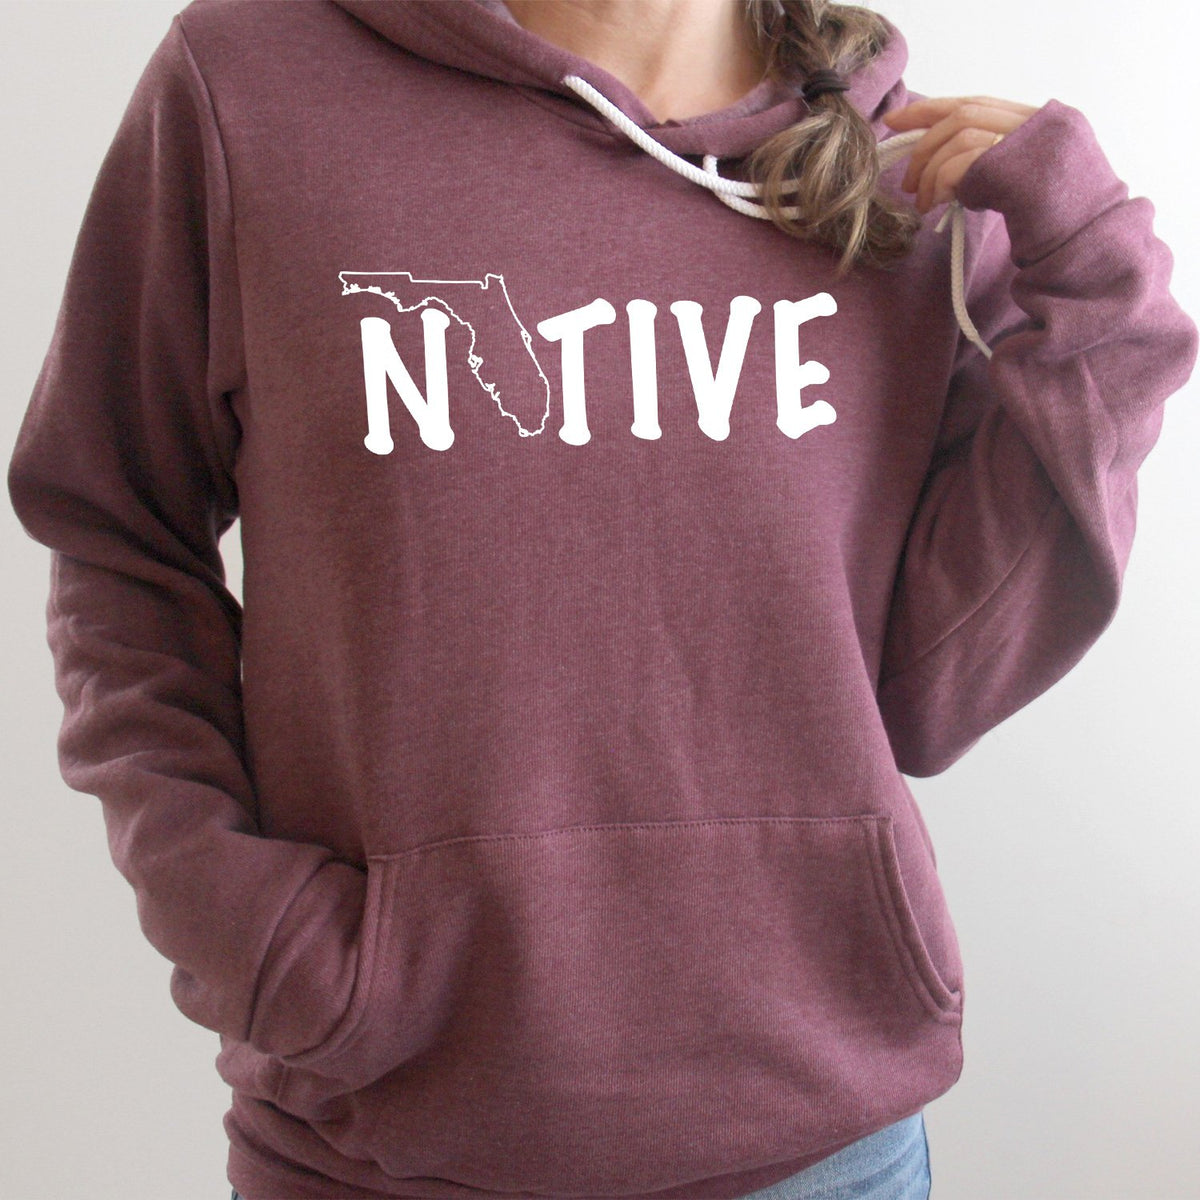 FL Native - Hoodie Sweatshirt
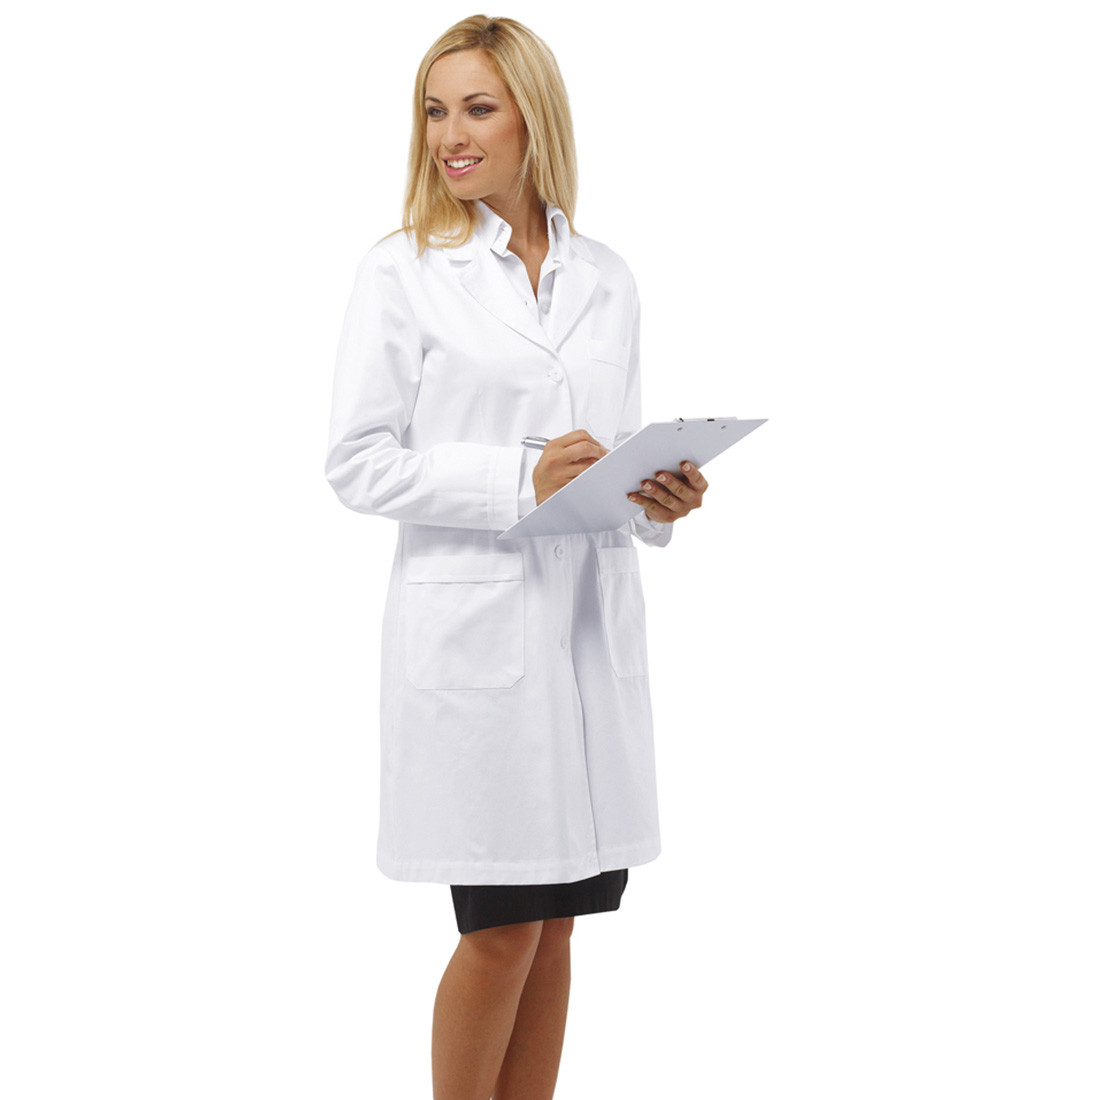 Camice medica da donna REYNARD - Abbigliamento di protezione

---

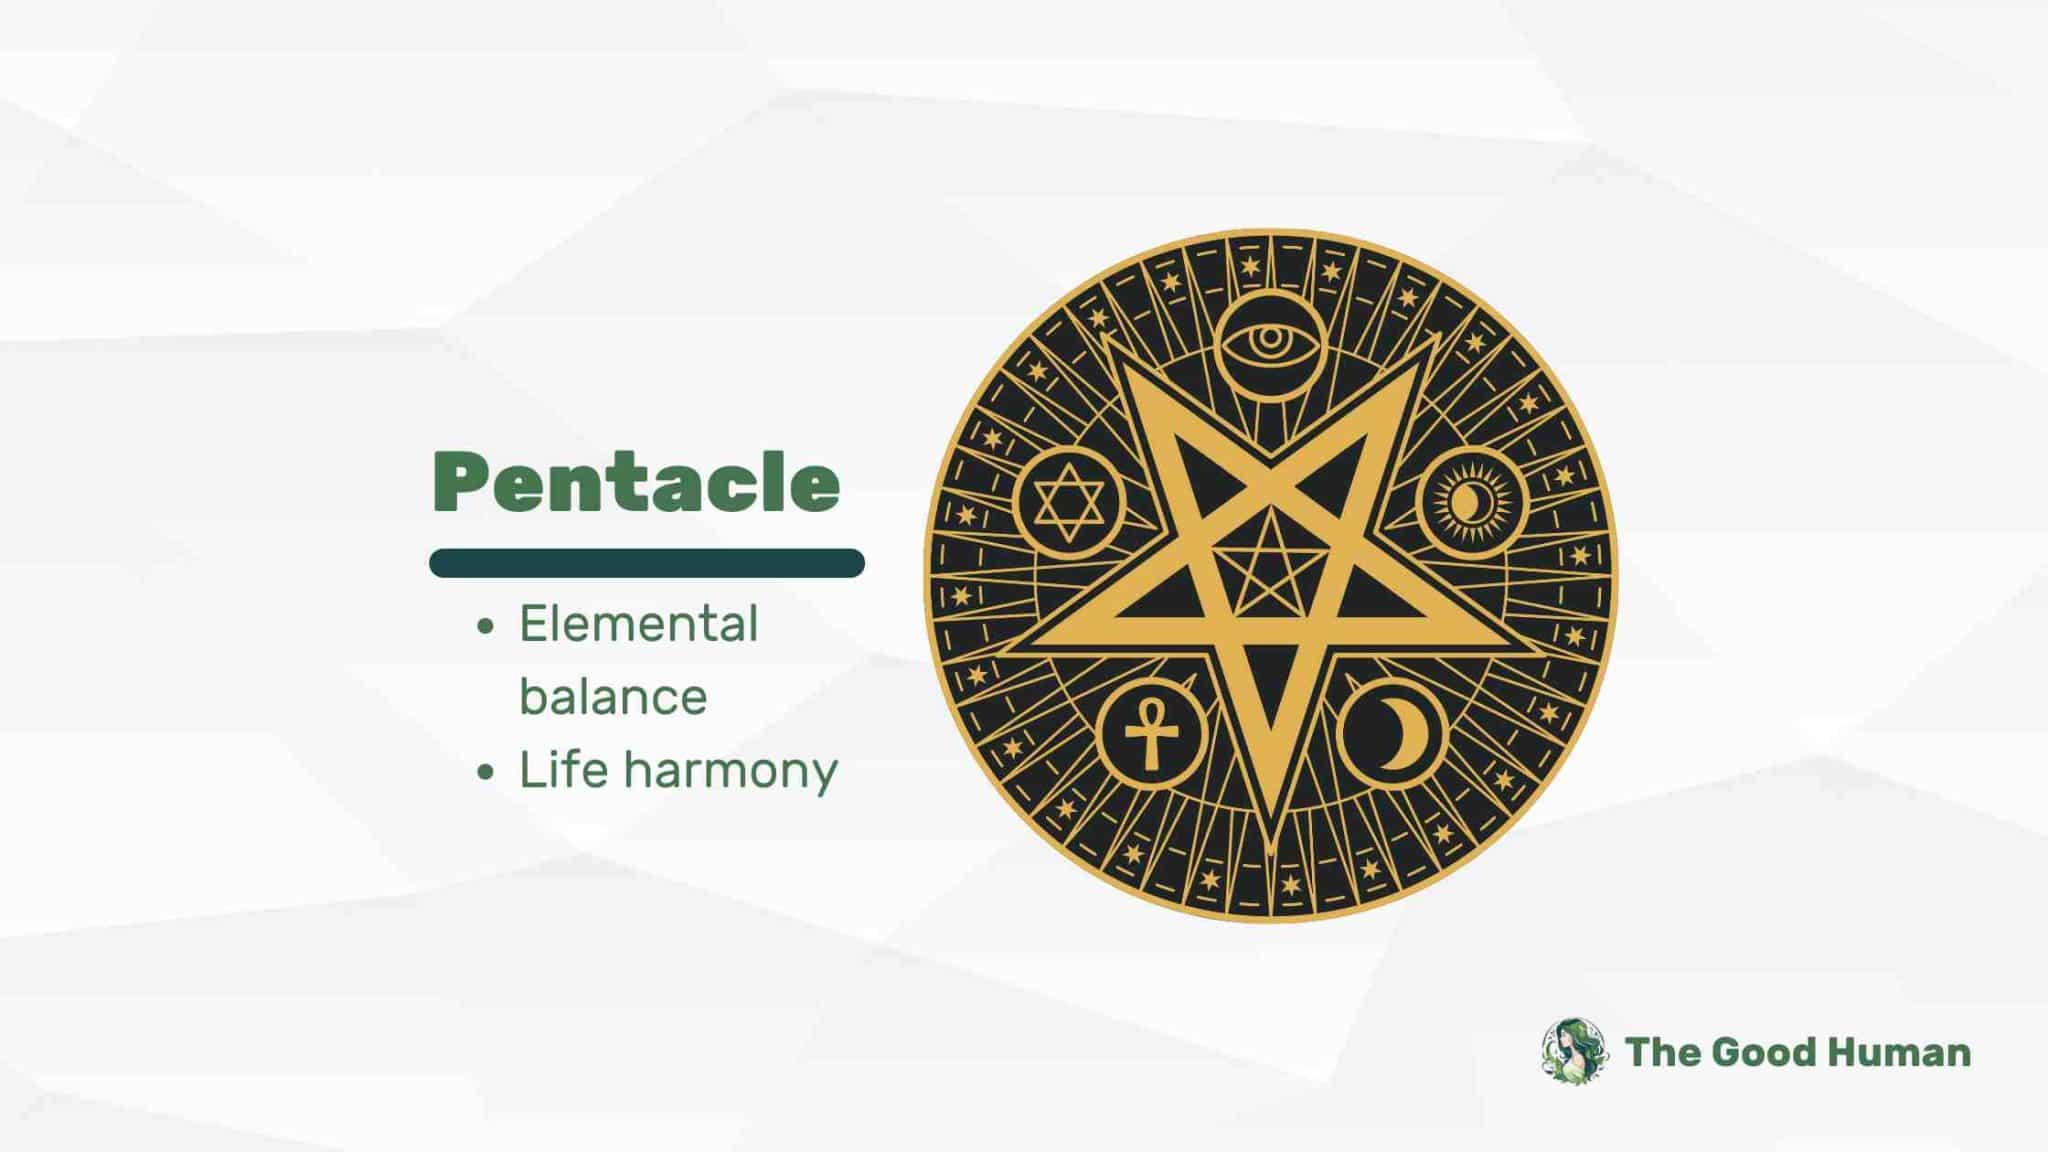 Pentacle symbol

---

Range to copy from the listing above: the line containing "FL Native - Hoodie Sweatshirt" down to the line containing "Camice medica da", both included. Reproduce it exactly, minus the pictures, and add nothing.

» THE ANSWER
 FL Native - Hoodie Sweatshirt
 Camice medica da donna REYNARD - Abbigliamento di protezione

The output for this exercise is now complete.